Leading this week's Country Star
Many complaints, few resolutions at town board meeting
By Pennie Embry, Staff Writer
QUINTON, Sept. 17 — Complaints about a neighborhood dispute, missing stop signs and one or more smelly mules, along with the need for better police coverage dominated last week’s Town of Quinton Board of Trustees meeting. But by the evening’s end, little, if anything was resolved.
Approximately 30 people, including the board members, Mayor Ron Wiggins, City Attorney Kay Wall, Quinton Chief of Police John Barbee, one reporter and a handful of residents gathered for September’s regularly scheduled Town of Quinton and Quinton Public Works Authority meetings held back to back on Sept. 10.
After the town meeting was called to order, board members quickly ran through the agenda, approving August’s payroll, August’s board meeting minutes, and an unspecified list of claims and purchase orders. Approval of the treasurer’s report was tabled for a later date.

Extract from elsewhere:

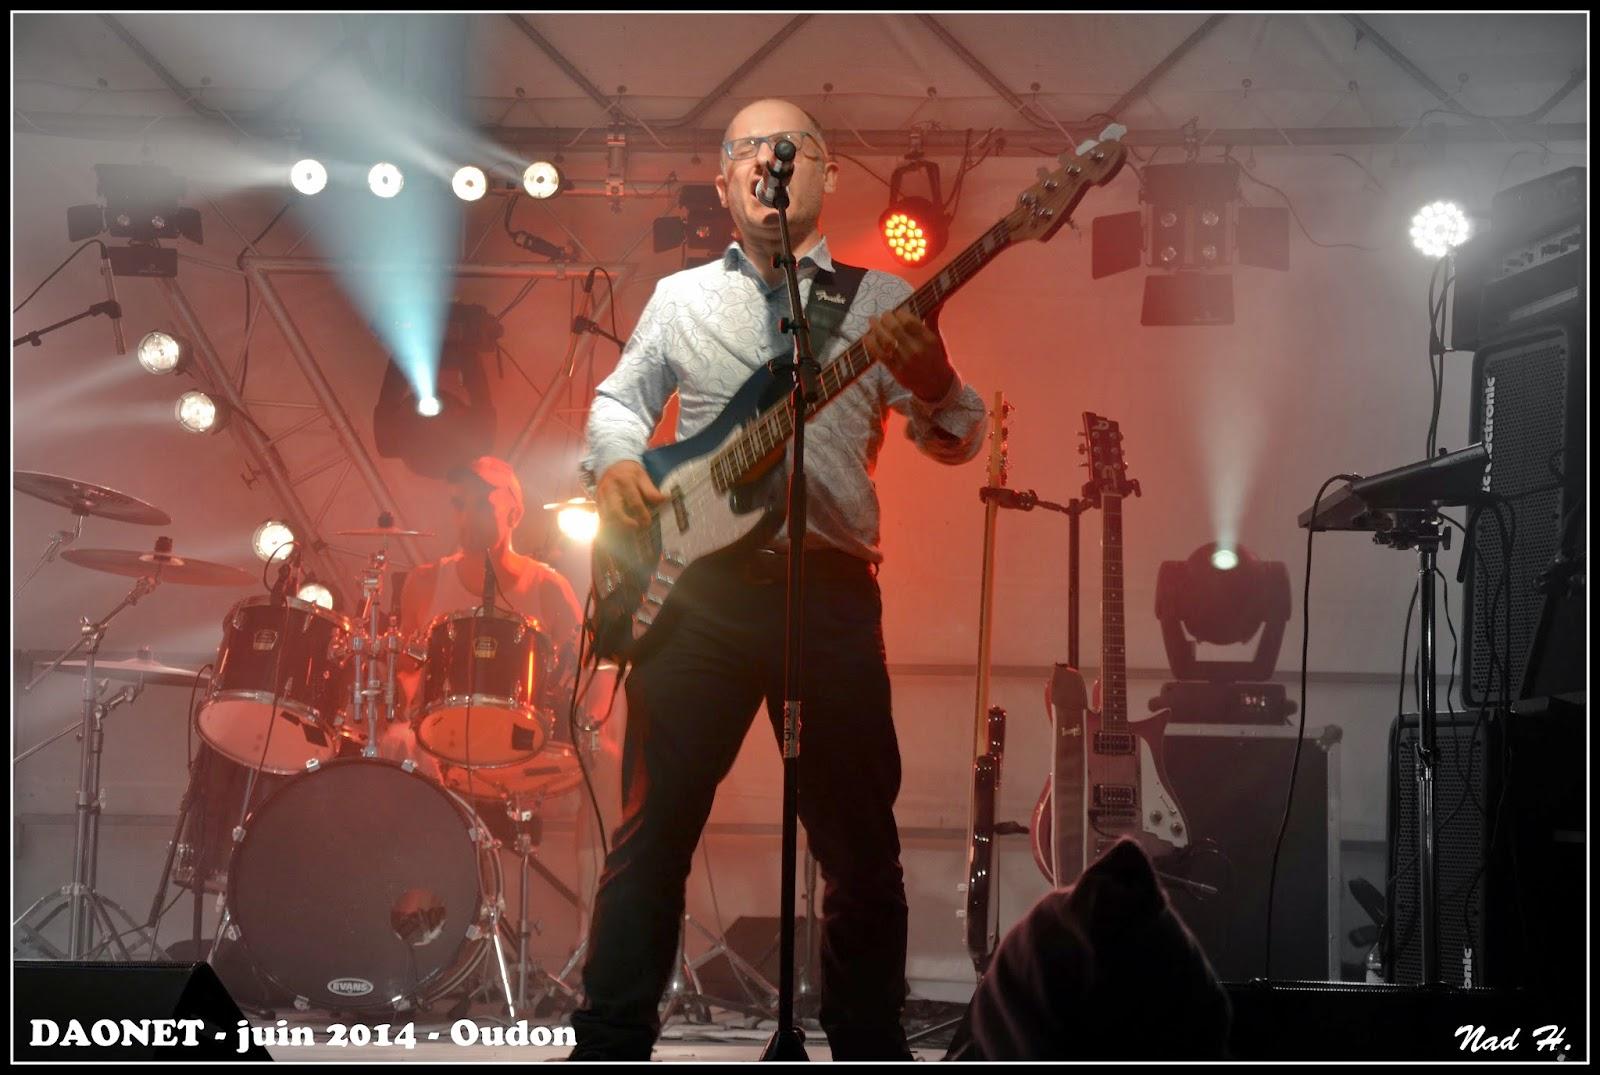 Daonet - Rock breton fête de la musique 2014 Oudon - Gilles basse chant Hervé batterie

When the meeting was opened for public comment, a woman identified only as “Miss Eileen” rose and approached board members. Her complaint? Two mules, or one now, though there had once been two, tied up in a neighbor’s yard near her house. Although it was not the noise, but the overpowering smell of mule waste that was at the heart of Miss Eileen’s complaint to the council. She wanted them to do something about the situation that was making life in her home near the mule or mules intolerable.
The council offered little, if any, relief.
“We do not have an ordinance on the books against them (mules),” said Wall. “We only have one against swine. But we do have an ordinance against public nuisance.” Wall then advised the woman to see her attorney of choice and pursue the smelly mule problem as a civil matter, or see the chief of police and find out if she could file a public nuisance complaint about the animals.
Misty Parker attempted to discuss an automobile accident she said happened in the spring, stating that a town-owned truck had backed into her car. She had not made a police report at the time, but had filed a statement. Barbee said he could find no copy of the statement, and Wall would not discuss the incident with Parker, citing attorney-client privilege.